The latest term of the United States Supreme Court delivered a mixed bag of decisions that, on the whole, should please conservatives even if appearances may be to the contrary. For example, DACA (Deferred Action for Childhood Arrivals) won a temporary reprieve but only because of the typically sloppy way the Trump administration went about trying to end it. They will undoubtedly try again.

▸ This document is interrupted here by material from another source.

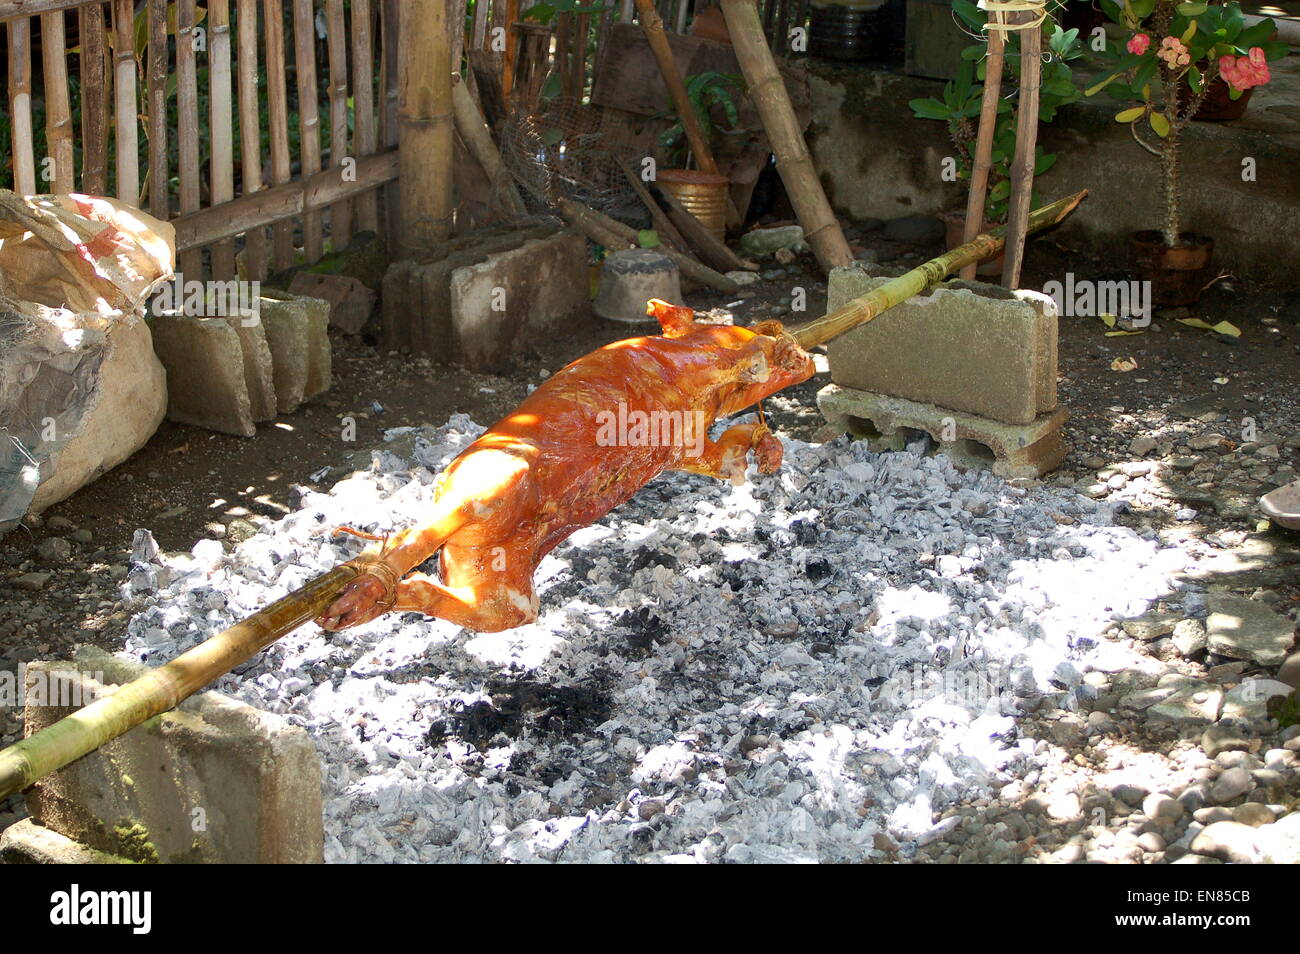 A whole pig being spit roast over charcoal. Stock Photo

And whilst a Louisiana law that imposed a needless requirement for doctors at abortion clinics in the state to have admitting privileges at hospitals was set aside, this was primarily on the grounds that it was virtually identical to a Texas law that had been struck down just four years ago. Chief Justice Roberts only joined the more liberal justices because he felt bound by precedent but not before opening the door to future abortion restrictions, challenges to, which suggested, may be viewed more skeptically.
Finally, the very welcome news that Title VII of the Civil Rights Act does prohibit LGBTQ employment discrimination may be undermined by the court’s fulsome embrace of religious rights that may override those of the LGBTQ community in where the two clash in the future.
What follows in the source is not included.